Who can I report a spam attack to? Well, in most cases a single spammed message should just be deleted without any further investment of time, but if you and/or your organization have repeatedly received spammed messages from the same entity, you can report the spammer to one of the many spam watchdog groups available on the Internet - dedicated to stamping out unsolicited commercial e-mail, newsgroup spamming, and other forms of e-mail abuse... they'd be glad to hear from you. They also provide instructions on how to filter e-mail, defend a site from exploitation, and get involved in the fight against spammers.

HUGE Update: U.S. House passes antispam bill.

The U.S. House of Representatives voted overwhelmingly to approve antispam legislation that could end more than six years of failed attempts to create a federal law restricting unsolicited commercial e-mail.

This should put a damper on unwanted e-mail advertisements for undesired "stuff" as disguised above by imposing fines and jail time for offenders. It passed by a vote of 392-5. The Senate is expected to follow soon. President Bush has indicated he will sign the measure, titled the "Controlling the Assault of Non-Solicited Pornography and Marketing Act" (CAN-SPAM).

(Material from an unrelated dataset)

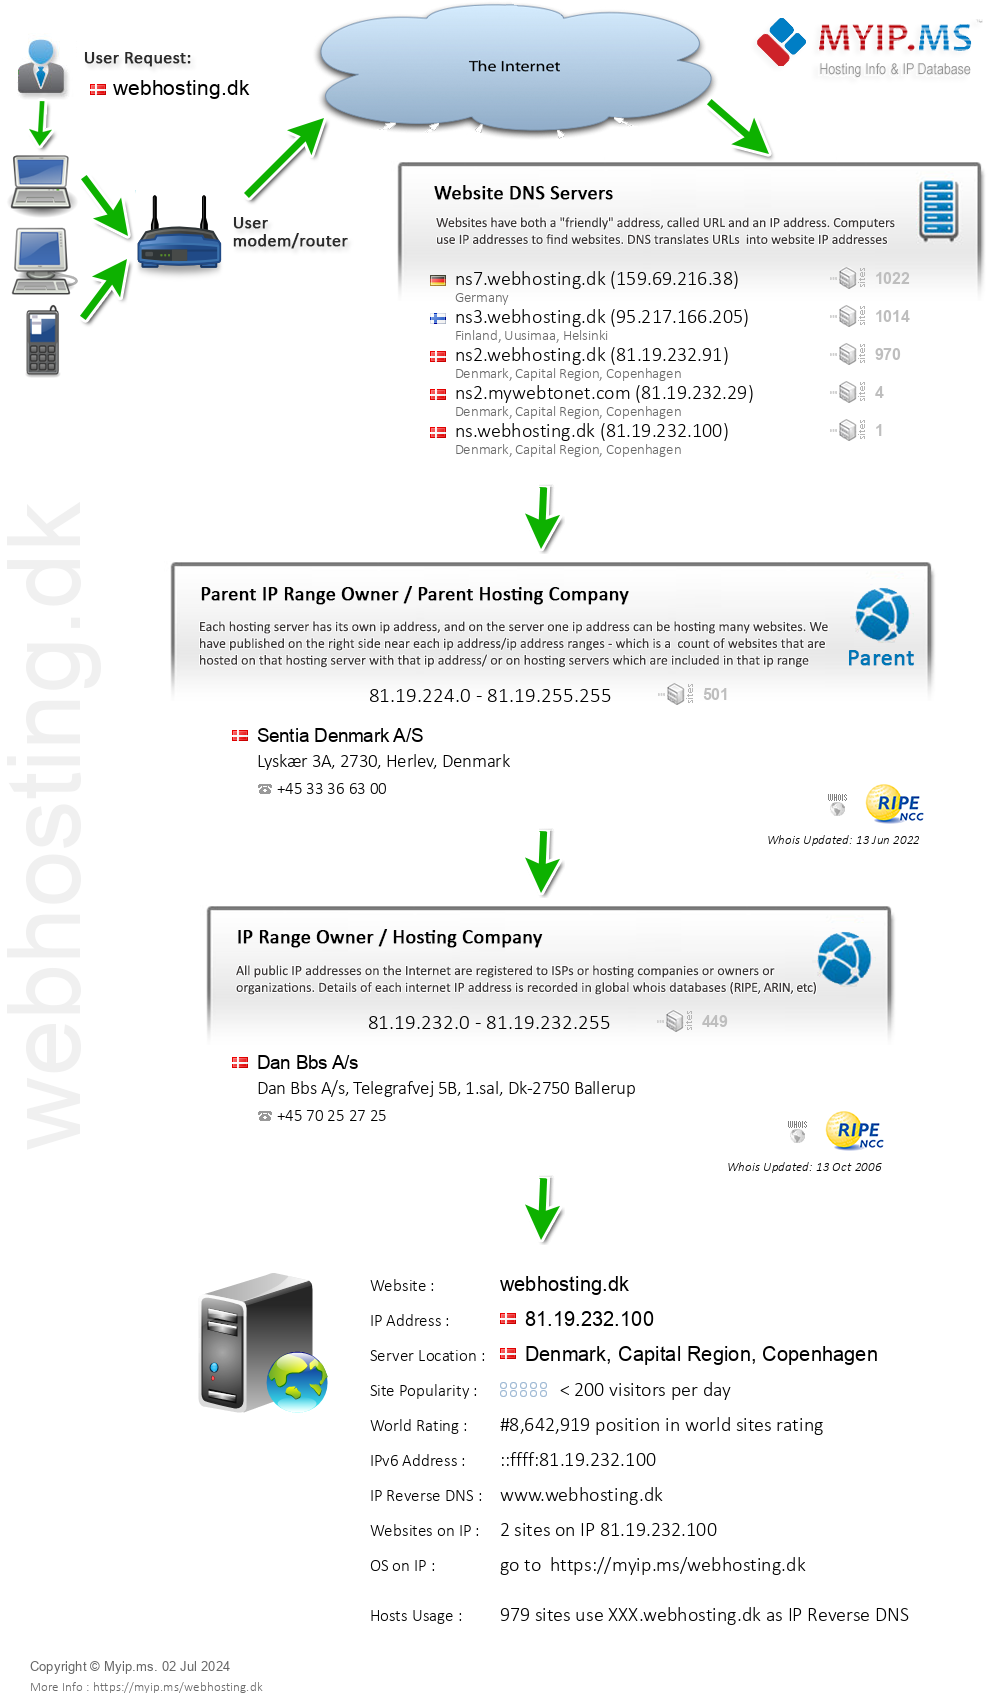 Webhosting.dk - Website Hosting Visual IP Diagram

CAN-SPAM appears to be a compromise that's not as far-reaching as some antispam advocates had urged. It does allow the Federal Trade Commission to establish a "do not spam" registry, overrides many state laws, and imposes an "opt out" standard instead of a more stringent "opt in" requirement.

If the measure becomes law, certain forms of spam will be officially legalized. The final bill says spammers may send as many "commercial electronic mail messages" as they like as long as the messages are obviously advertisements with a valid U.S. postal address or P.O. Box, and an unsubscribe link at the bottom. Junk e-mail essentially would be treated like junk postal mail, with nonfraudulent e-mail legalized until the recipient chooses to unsubscribe.

Other sections of the bill prohibit the following:

• Falsifying e-mail header information or using either a mail server or open relay to "deceive or mislead recipients" about the origin of a commercial e-mail message. Also outlawed is registering for "5 or more" e-mail accounts or "2 or more domain names" with false information and using them to send commercial e-mail messages. Penalties include up to three years in prison for a first offense.
• Sending commercial e-mail with deceptive subject lines that "would be likely to mislead a recipient."
• Sending commercial e-mail that does not include "a functioning return" address or a link to a Web form that is capable of accepting unsubscribe requests.
• E-mail address "harvesting" by crawling Web sites, and automated guessing of e-mail addresses by trying mike1@hotmail.com, mike2@hotmail.com, etc.
• Using automated methods such as scripts to sign up for free Web-based e-mail accounts such as ones provided by Hotmail or Yahoo.
• Sending commercial e-mail with "sexually oriented material" unless it includes a label to be devised by the FTC. That requirement does not apply to opt-in lists. Violations can be punished by up to five years in prison and a $250,000 fine.